Proof of Humanity (PoH) – Top 10 Use Cases

1. Fair Token Distribution

Blockchain-based airdrops, staking rewards, and incentive programs are often exploited by bots. PoH ensures tokens and rewards reach real participants, promoting fairness in community-driven projects.

2. Governance & Voting

PoH prevents Sybil attacks in DAOs and decentralized governance by ensuring each vote belongs to a unique human. This supports one-person-one-vote systems, quadratic voting, and community decision-making.

3. Web3 Reputation & Identity Systems

By verifying uniqueness, PoH allows users to build trustworthy on-chain reputations for DeFi lending, credit scoring, and digital credentials—all without relying on centralized identity providers.

4. Gaming & Metaverse Applications

PoH prevents multi-accounting, bot-driven farming, and unfair play in blockchain-based games. It also enhances NFT drops, metaverse access, and in-game governance, ensuring participation from real users.

5. Peer-to-Peer Marketplaces & Commerce

Trust is key in decentralized marketplaces, freelance platforms, and rental services. PoH verifies that participants are real people, reducing fraud in P2P transactions and escrow services.

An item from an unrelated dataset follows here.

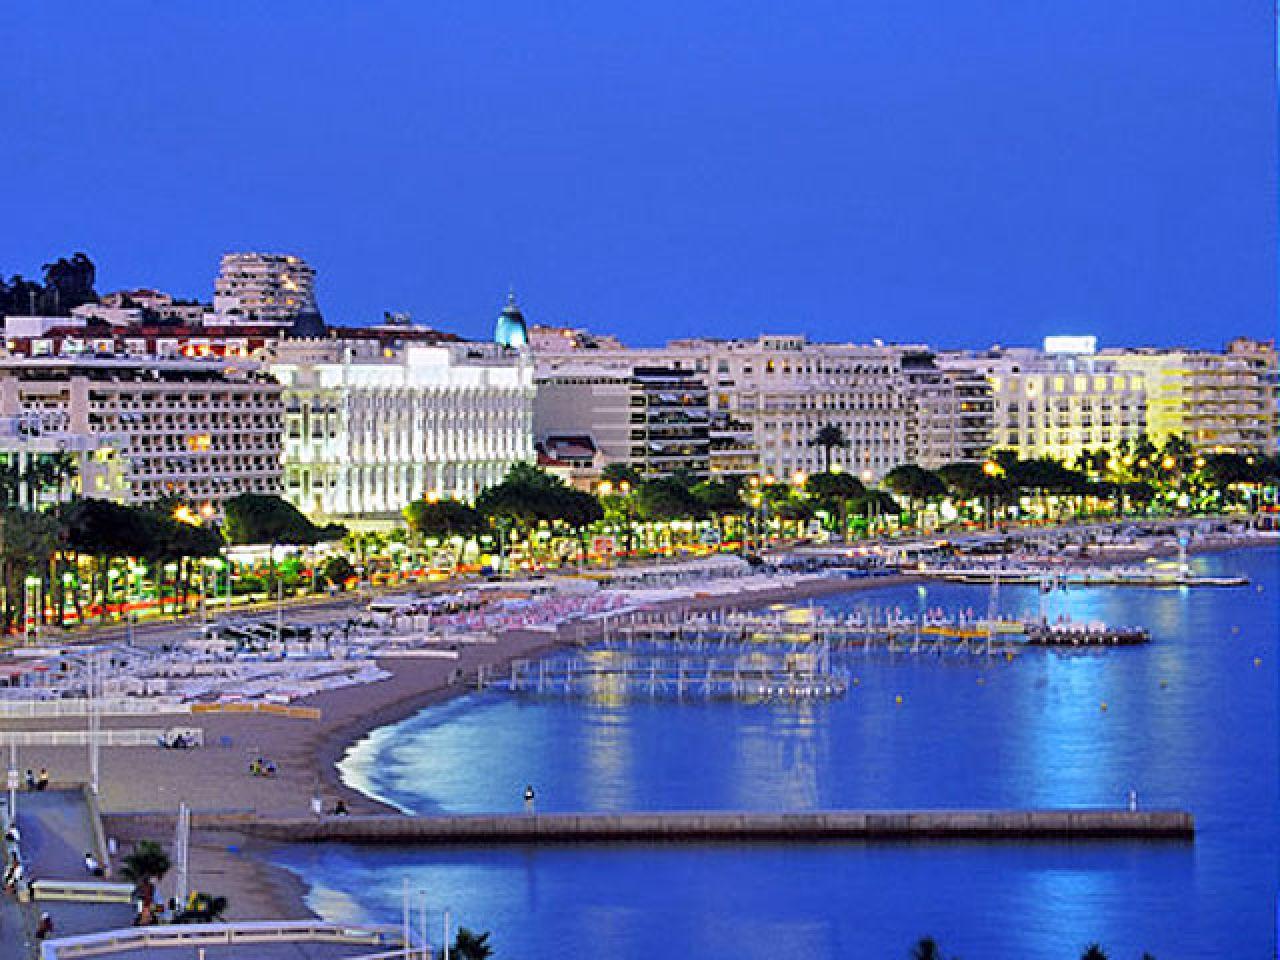 Noleggio Barche Cannes - Navalia | Noleggia un Sogno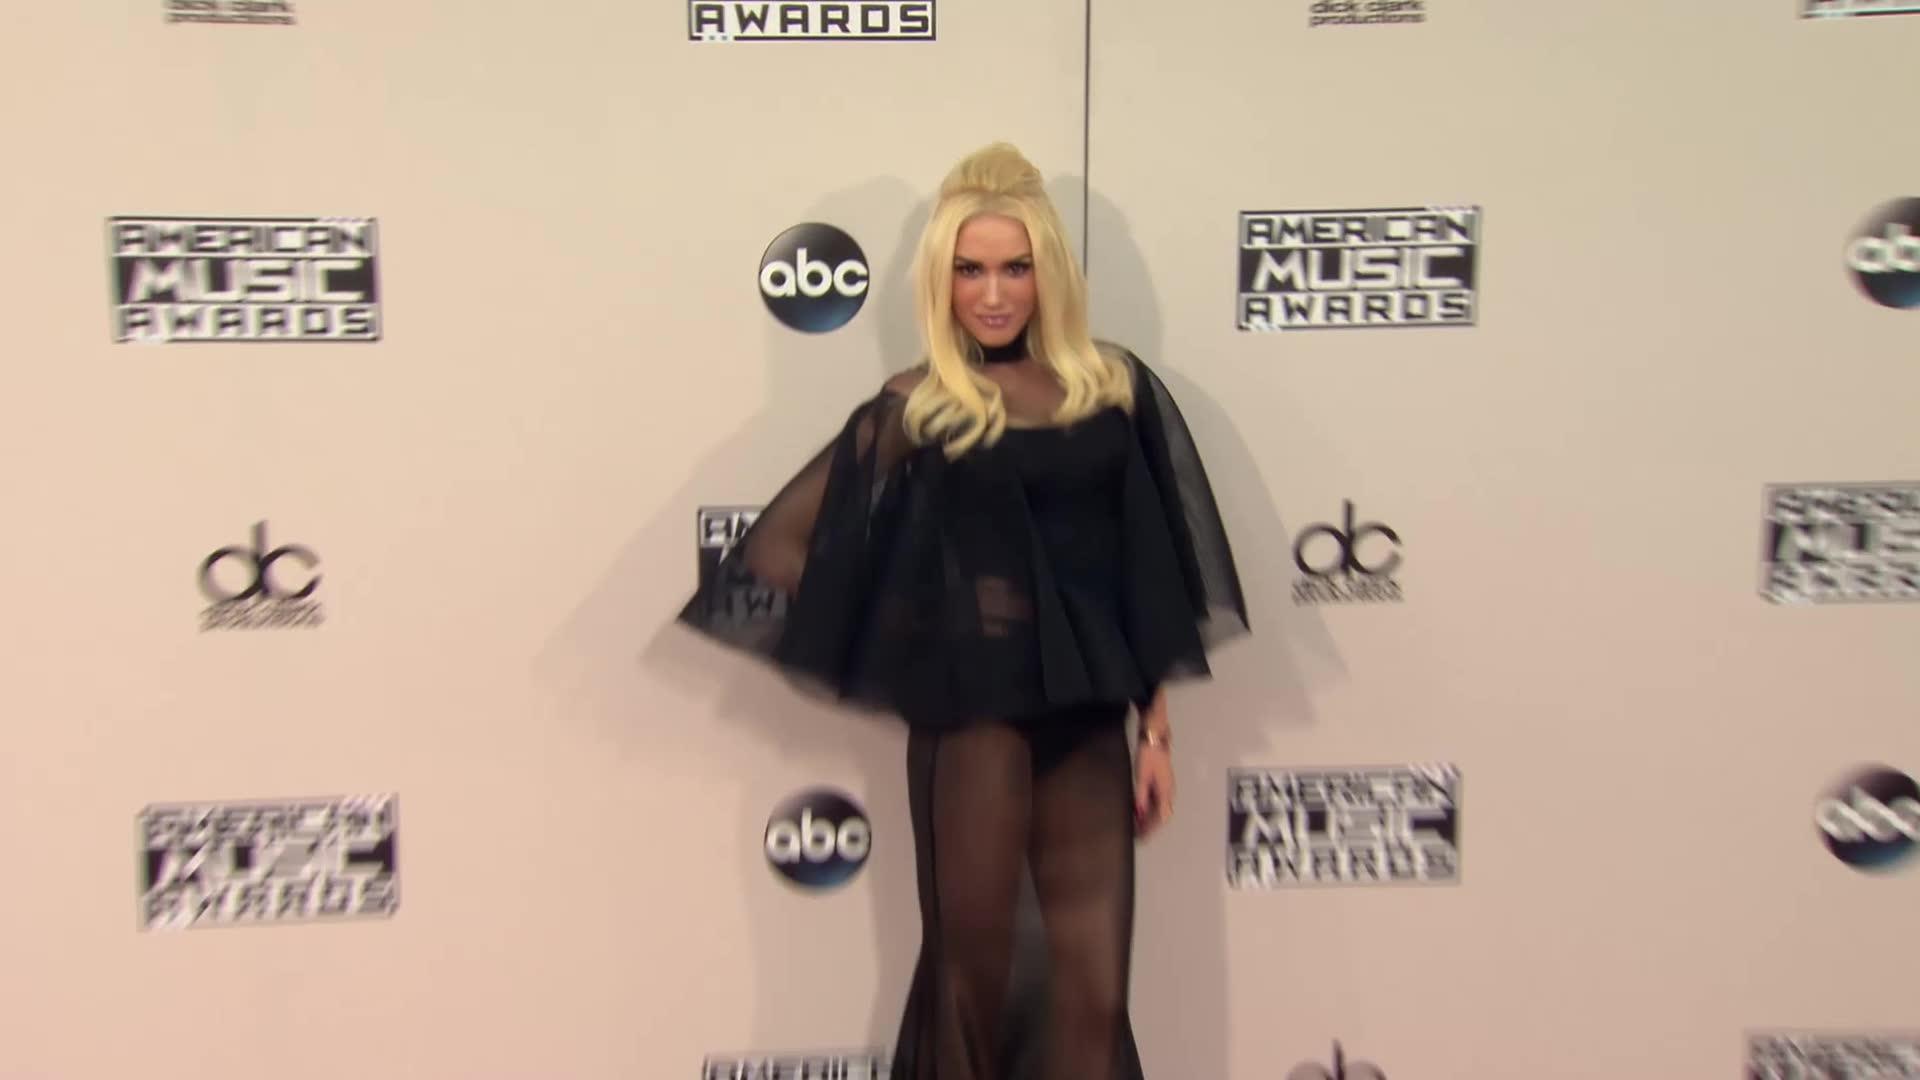 Gwen Stefani's New Single Reflects on New Relationship With Blake Shelton

6. Decentralized Social Media & Content Platforms

Fake accounts and bot-driven spam are common in Web3 communities. PoH helps maintain authentic engagement by ensuring that users are real.

7. Anti-Spam & Security Solutions

Traditional bot detection methods like CAPTCHAs are becoming ineffective. PoH provides a decentralized way to verify humanness, improving security in login authentication, Web3 messaging, and Sybil-resistant applications.

8. Securing Blockchain Consensus Mechanisms

PoH strengthens one-person-one-vote blockchain consensus models and prevents wealth-based centralization in proof-of-stake and delegated voting systems.

9. Privacy-Preserving KYC & Digital Identity

PoH allows users to verify age, citizenship, or eligibility while minimizing data exposure. Privacy-enhancing techniques like zero-knowledge proofs (ZKPs), on-chain attestations, and self-sovereign identity (SSI) models enable identity verification without centralized data storage.

10. Universal Basic Income (UBI) & Social Benefits

PoH can be used in blockchain-based UBI initiatives to ensure funds are distributed only to verified individuals, preventing fraudulent claims and duplicate registrations.

 

Building Human-Centric Systems in Web3

As decentralized systems grow, verifying humanity without compromising privacy will be essential to building fair, secure, and inclusive ecosystems. Implementing Proof of Humanity with privacy-preserving techniques can help Web3 stay true to its values—resisting manipulation while respecting individual rights.